Tuesday, 25 May 2021

Colour families

Last week I went to a three day workshop called Colour Families and Mark Making led by Leslie Morgan from Committed to Cloth.  She rarely teaches outside of her own studio so we were extremely fortunate that she agreed to teach at Littleheath Barn Studio.

A colour family is where you take two colours of procion dyes and mix them them together using a matrix.  Can you guess what colour I used?

Actually it was't turquoise on the first day!  I used Golden Yellow and Scarlet in equal parts to make an Orange (top left) and mixed this with black (bottom right).  Each colour that you mix is scraped on to soda-soaked cotton to keep a record of the colours.

This is the fabric washed out, ironed, cut up and stuck into my sketchbook.

During the first two days I concentrated on the Golden Yellow/Scarlet mix to black, then turquoise and then a turquoise/black mix.   The first one is a paler version of the family above.  To achieve this I added 4 teaspoons of print paste to each pot of the colours.

A new family using Scarlet/Golden Yellow and Turquoise.

And lastly in this series, Golden Yellow/Scarlet with a mix of 2 parts Turquoise and 1 part Black.

I used the colours in the pots to scrape onto larger pieces of cotton fabric.  This was the first family I made.  The photo was taken after it was washed out and ironed.

This was done with the last family shown above.  This is what the colours looked like whilst the dye was wet.

This is the same fabric washed and ironed.

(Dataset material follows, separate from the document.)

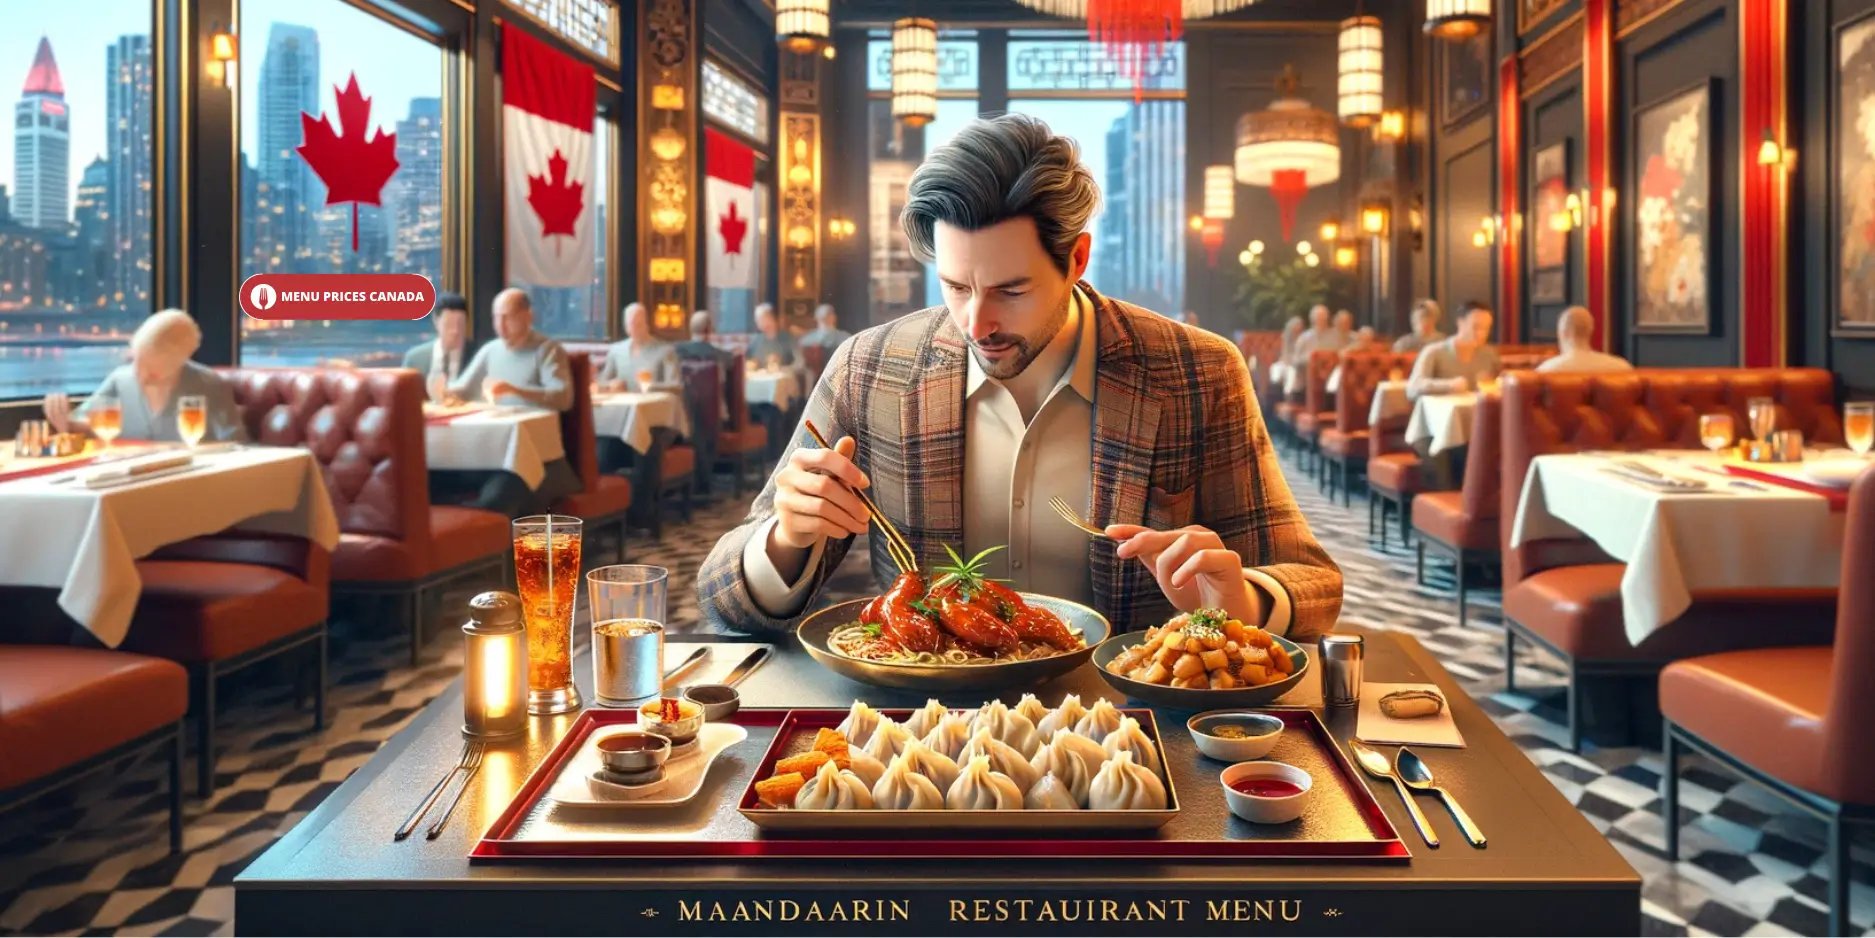 Mandarin Restaurant Menu Prices Canada.webp

The next two photos show two pieces I also scraped dye onto and printed on.  I used larger pieces of fabric and cut each of them in two.  Half I washed and ironed and you can see below after two days of 'batching'*.  The other half of each piece has been left to batch for longer to see if it makes any difference to the colour if you leave it soak in longer.


I'll tell you about day 3 next time.

Thanks for joining me today.
Bernice

*Batching is a process where you leave dry dyed fabric rolled up in plastic for several days to allow the dye to sink into the fabric.